When we locked the framing headers down, I made the suggestion that we should add new variables for the content length (foo.body.length or foo.bodylen) where -1 would mean an unknown length (chunked encoding for HTTP/1.1, EOF for HTTP/1.0, missing HEADERS[END_STREAM] flag for h2). These new variables, having the type INT would become much more useful than a combination of vmod_std() with logic to find in which bucket we fall.

Why am I bringing this up? Because that "set or unset content-length:0" suggestion would result in a lot build of infrastructure changes. So instead we should consider adding new variables, especially if we can only set or unset exactly one value (aka a boolean). Reaching this "new variable" conclusion reminded me of my past point on exhibiting the expected body length in VCL, so see the previous paragraph as a drive-by comment. :]

Anyway, to materialize the bugwash suggestion, we could add something like this to the built-in VCL:

--- bin/varnishd/builtin.vcl
+++ bin/varnishd/builtin.vcl
@@ -199,11 +199,26 @@ sub vcl_backend_fetch {
 }
 
 sub vcl_builtin_backend_fetch {
+       call vcl_builtin_bereq_body;
+       call vcl_builtin_bereq_length;
+}
+
+sub vcl_builtin_bereq_body {
        if (bereq.method == "GET") {
                unset bereq.body;
        }
 }
 
+sub vcl_builtin_bereq_length {
+       if (req.method == "GET" ||
+           req.method == "HEAD" ||
+           req.method == "TRACE" ||
+           req.method == "OPTIONS" ||
+           req.method == "DELETE")
+               set bereq.length_needed = false;
+       }
+}
+
 sub vcl_backend_response {
        call vcl_builtin_backend_response;
        return (deliver);

There is a whack-a-mole aspect to this, but 1) I don't anticipate other special cases and 2) that would at least satisfy my framing headers lock down criteria. At least it would become visible in the built-in VCL and ideally solve this case without further intervention than upgrading.

May 19 '25 14:05 dridi

Hmmm...

https://github.com/varnishcache/varnish-cache/pull/4247#issuecomment-2640309332 is about controlling resp.http.c-l, and in this cases needed would not quite match, we would want something like a resp.send_length flag or similar. But this case alone already contradicts 1) I don't anticipate other special cases.

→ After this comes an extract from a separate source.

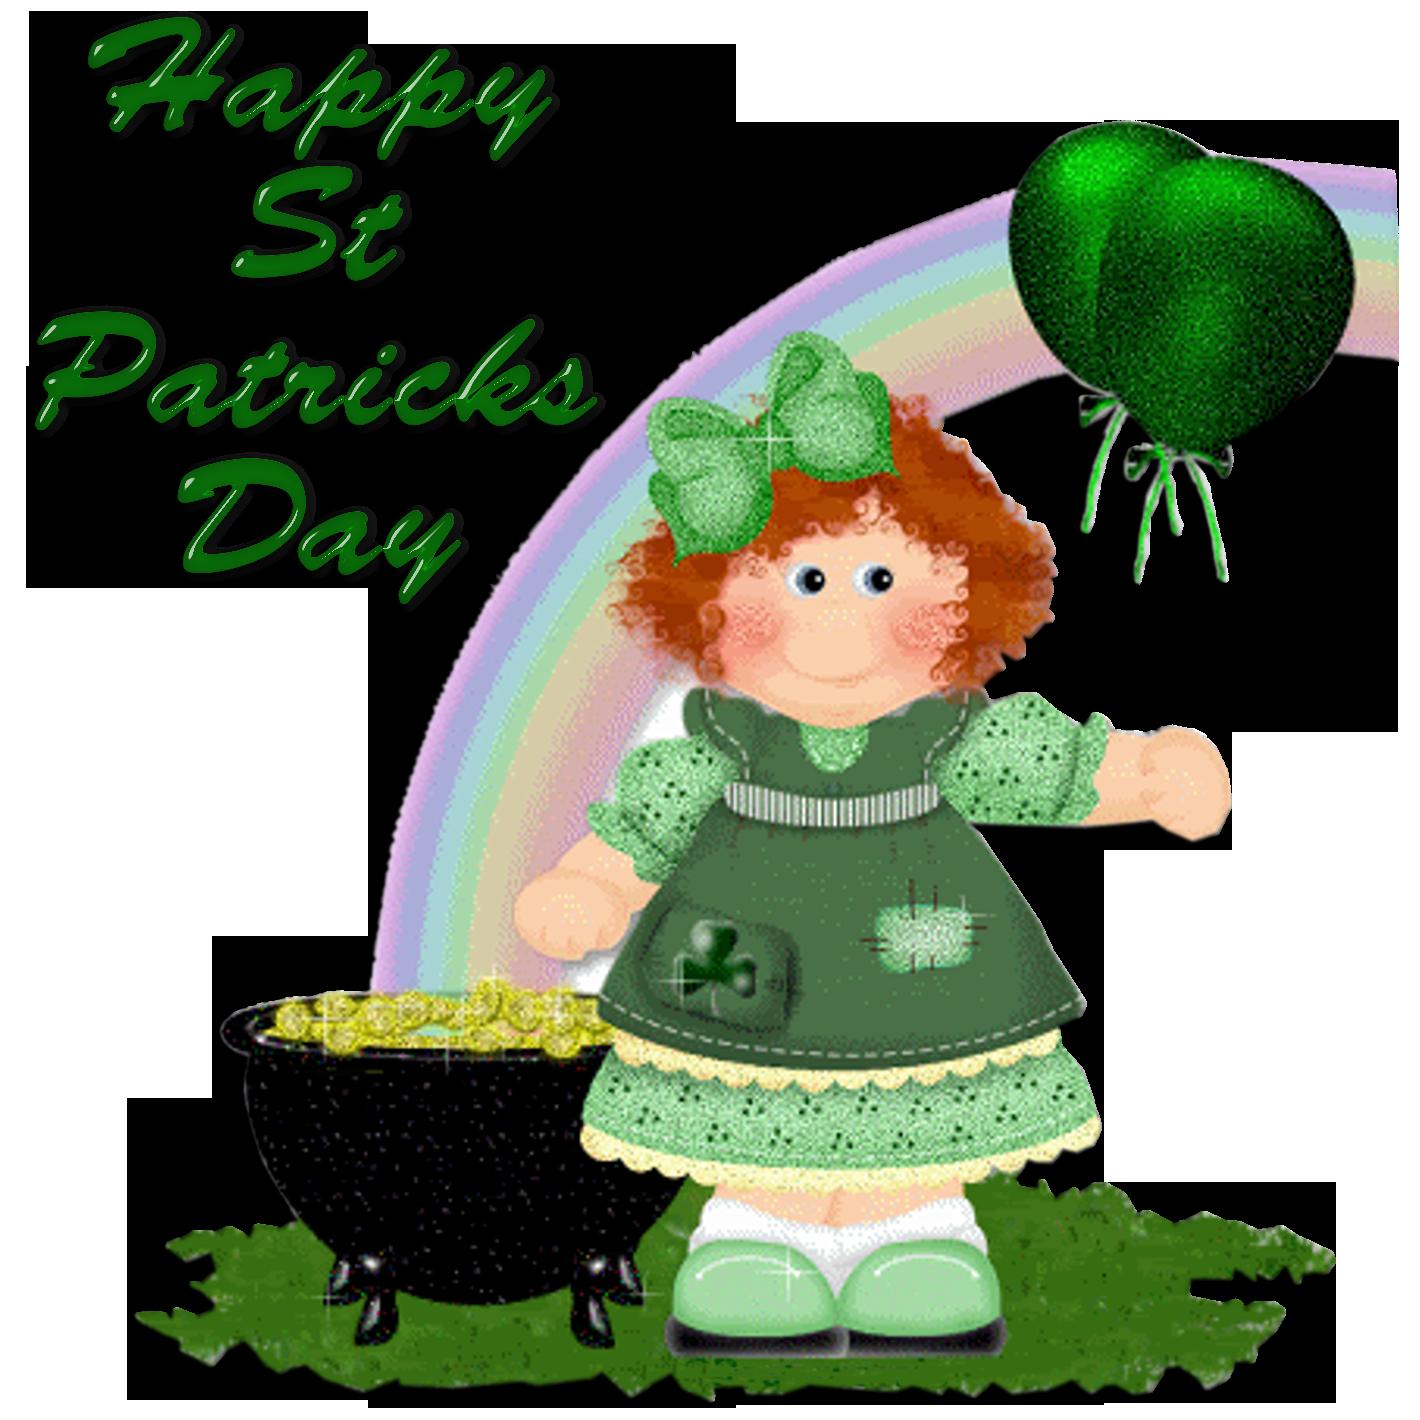 St Patricks Day Graphics - ClipArt Best

I still remember something @bsdphk must have said a long time ago along the lines of We don't want squid-like flag-ism, we have VCL which is a program controlling what happens and I still get an allergic reaction when I fear flag-isms to creep in. Being able to (un)set Content-Length: 0 (only) would, in my mind, achieve the same as the flag, but be simpler and I would expect to be able to remember that.

May 19 '25 15:05 nigoroll

#4247 (comment) is about controlling resp.http.c-l, and in this cases needed would not quite match, we would want something like a resp.send_length flag or similar. But this case alone already contradicts 1) I don't anticipate other special cases.

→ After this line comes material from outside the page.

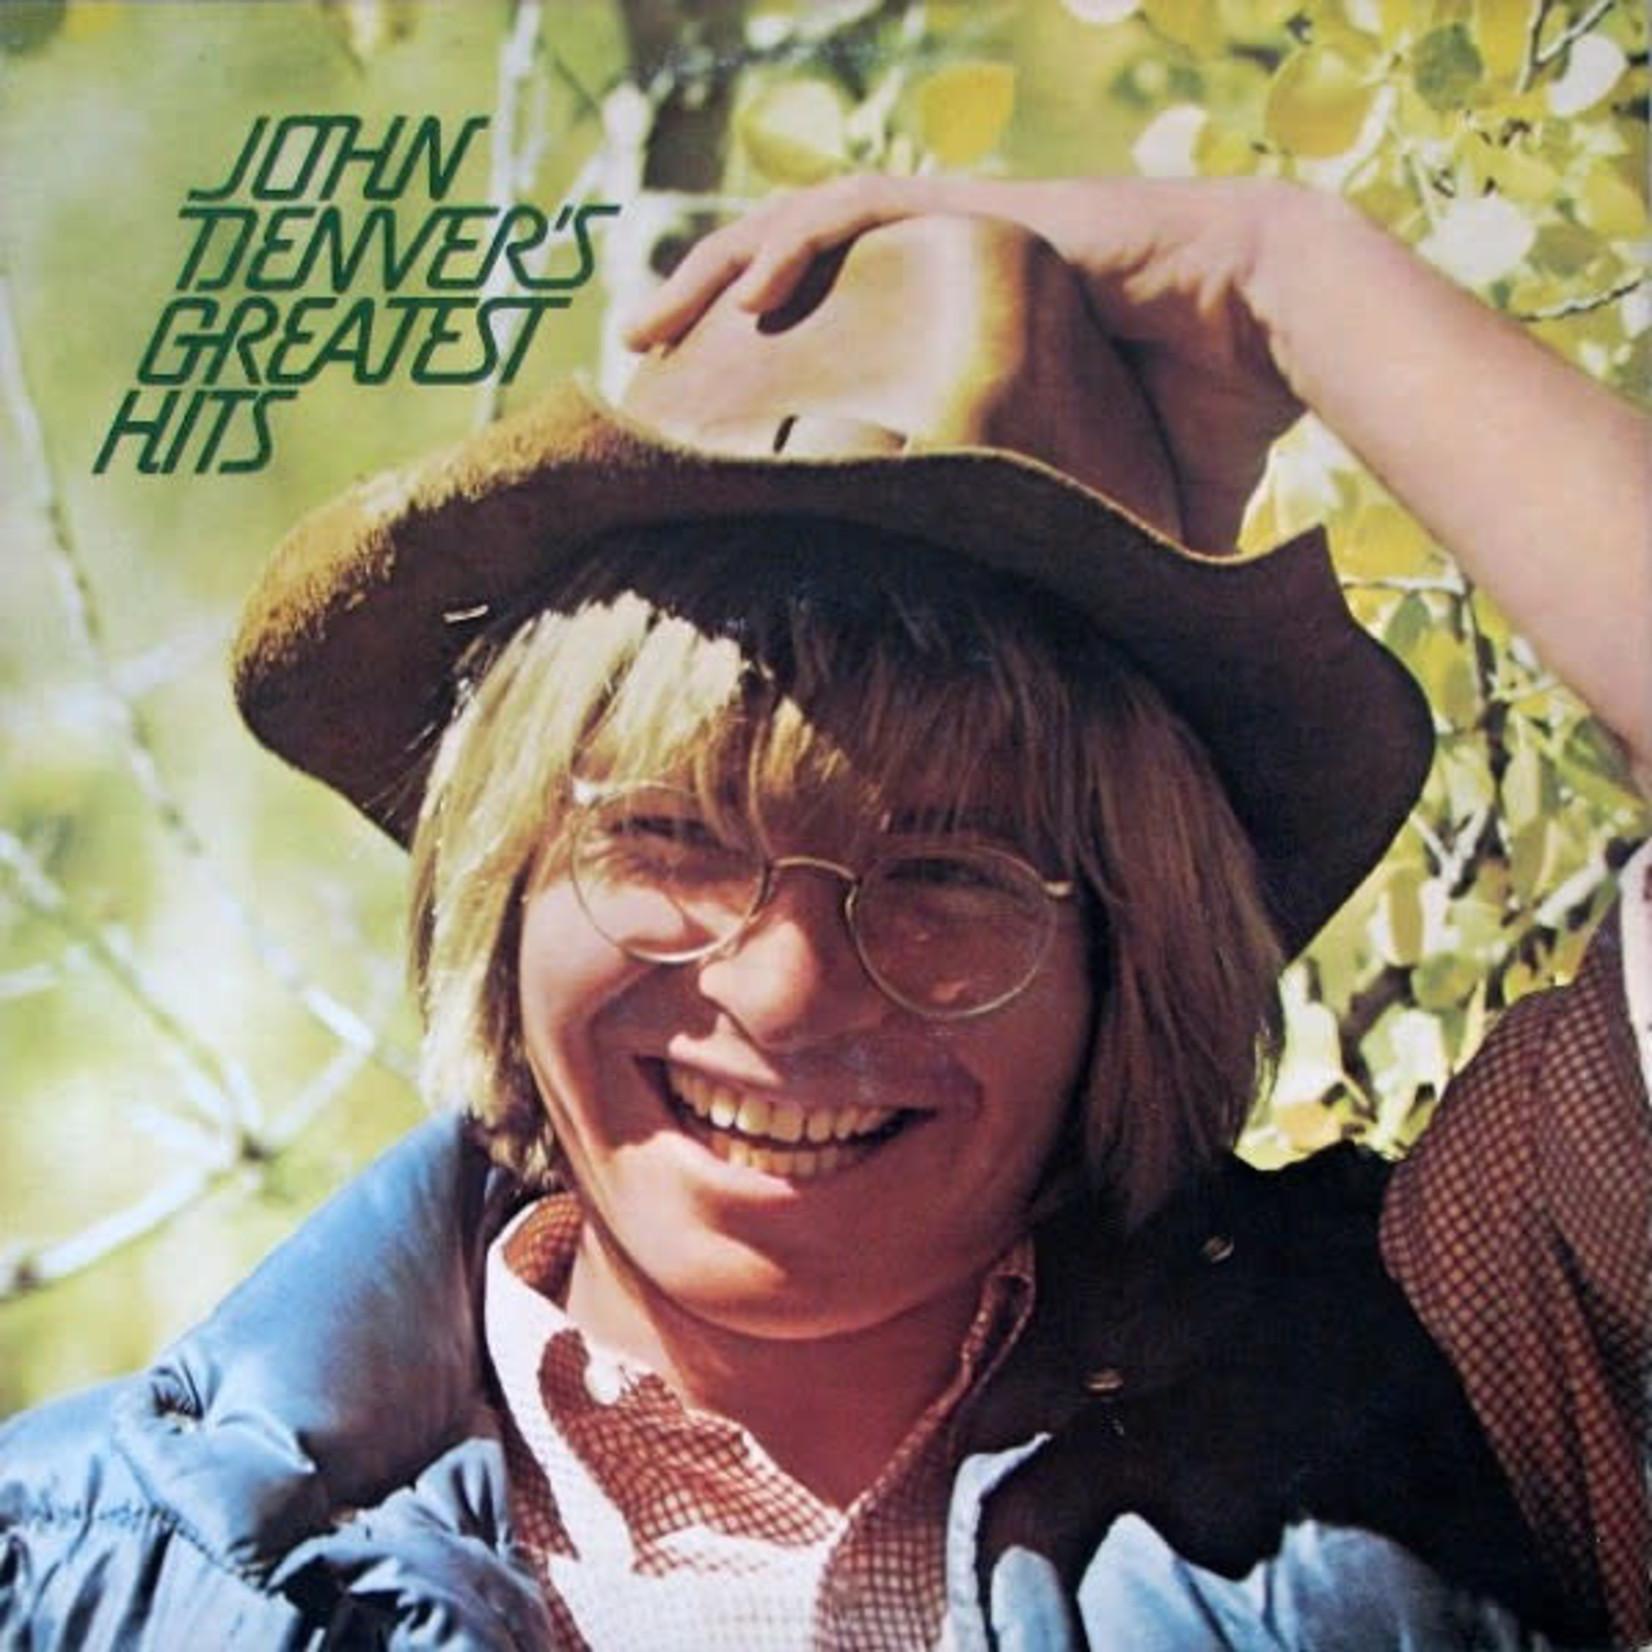 [Vintage] Denver, John: Greatest Hits

Not a contradiction, I covered this ticket in the built-in VCL with my suggested change to the built-in VCL, but I also said this:

So instead we should consider adding new variables

Plural, that included resp.length_needed (but I didn't check what the RFC had to say about content-length in a response).

Having the ability to only set or unset a single content-length:0 value is just creating an indirect flag that is a worse case of flag-ism to me.

May 19 '25 15:05 dridi

Having the ability to only set or unset a single content-length:0 value is just creating an indirect flag that is a worse case of flag-ism to me.

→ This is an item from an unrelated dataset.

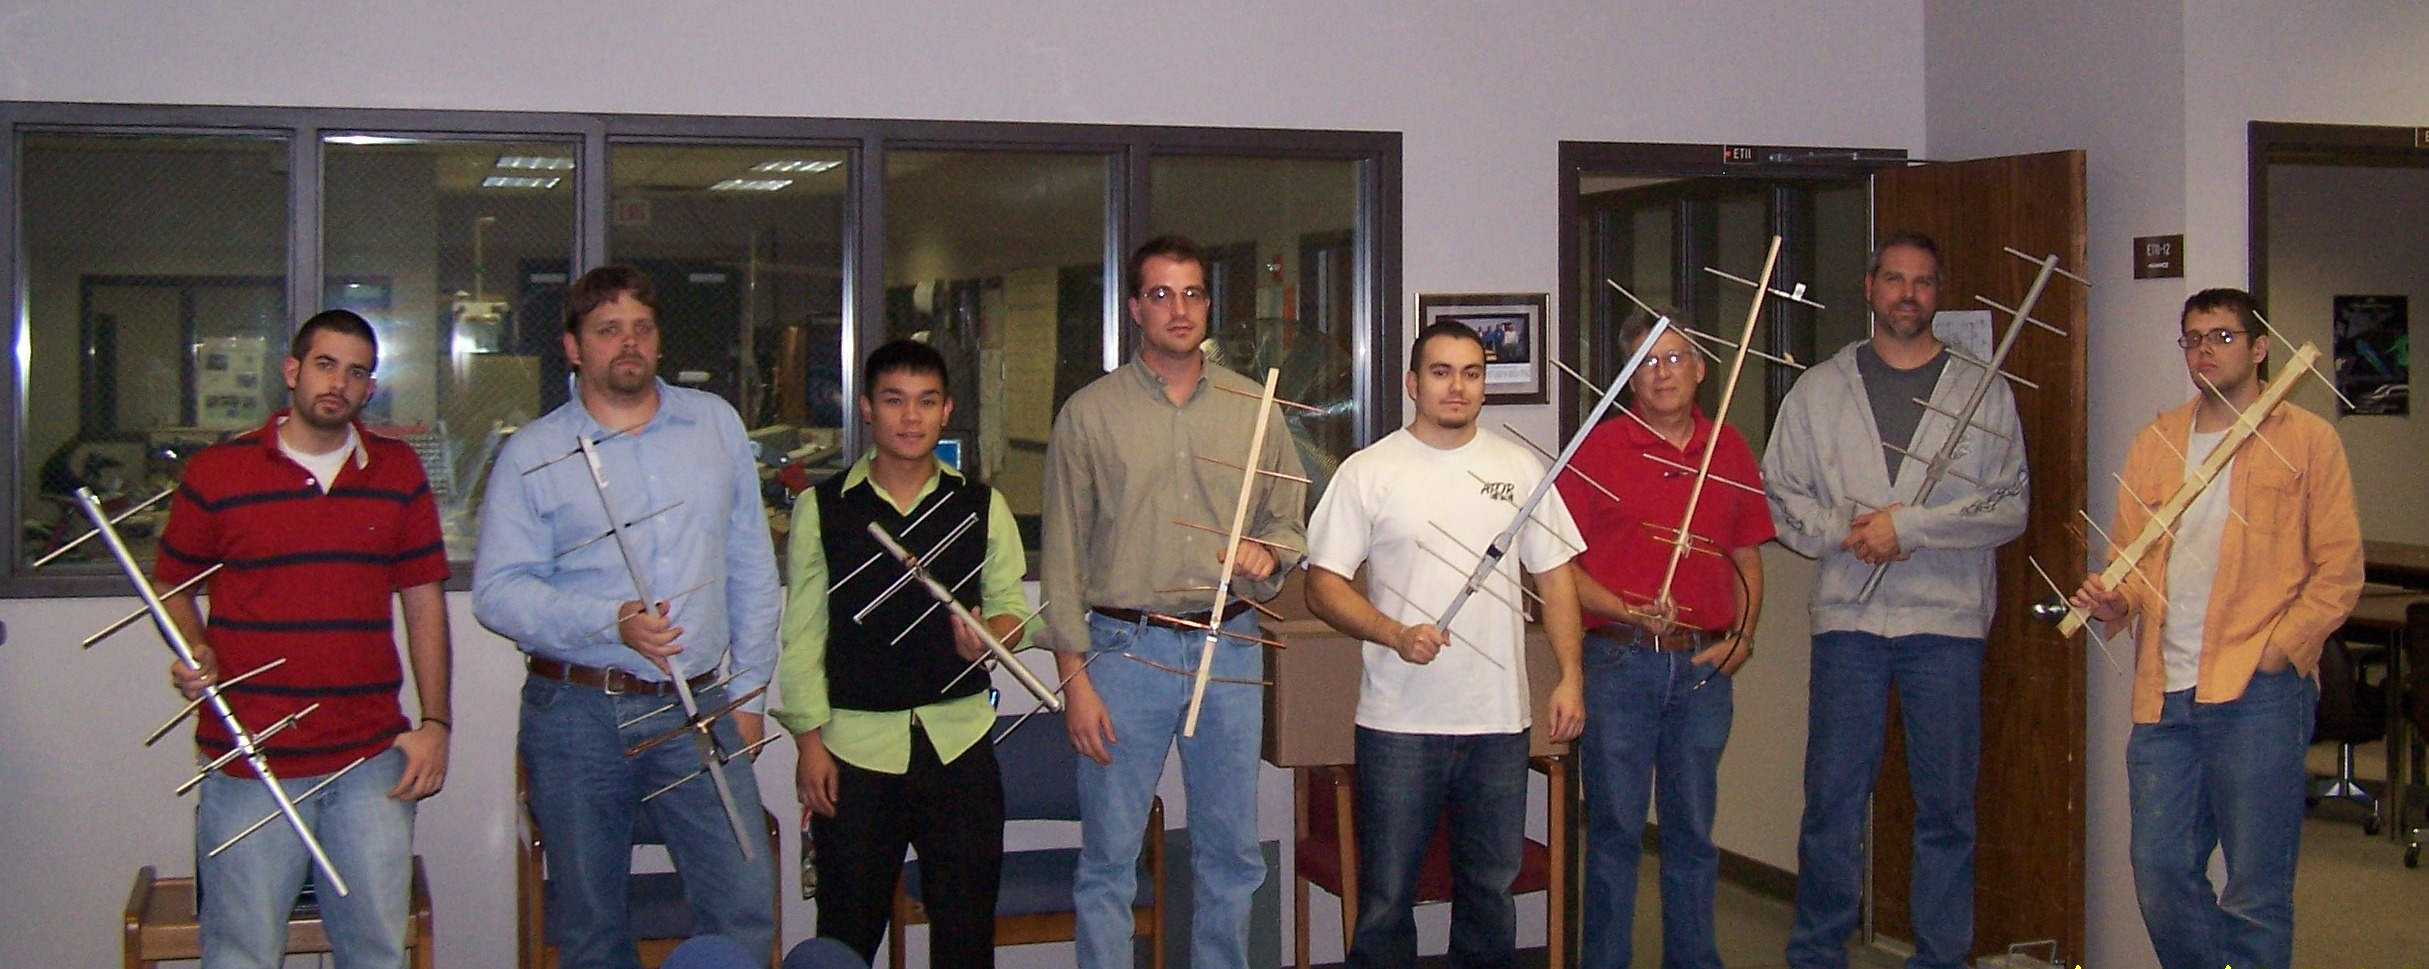 Tulsa Community College 106

I agree to some extent. It is a suggestion for a compromise. I would still think we should have a way to shoot yourself in the foot, but if we can't have that, I would prefer to not introduce additional syntax.

May 19 '25 16:05 nigoroll

For unsafe constructs, we have VMODs. Framing headers are inherently unsafe, and we shouldn't offer a footgun to someone without a permit.

May 19 '25 16:05 dridi

https://www.rfc-editor.org/rfc/rfc9110#name-411-length-required

A server may send 411 whenever it pleases, so please prefer to send Content-Length: 0 (or HTTP/1.1 Transfer-Encoding: chunked if you must) except when certain the omission of Content-Length: 0 in HTTP requests is widely accepted, e.g. GET and HEAD. (There are different guidelines for omission on HTTP responses, e.g. HTTP response status 1xx or HTTP response status 204 or HTTP response status 304)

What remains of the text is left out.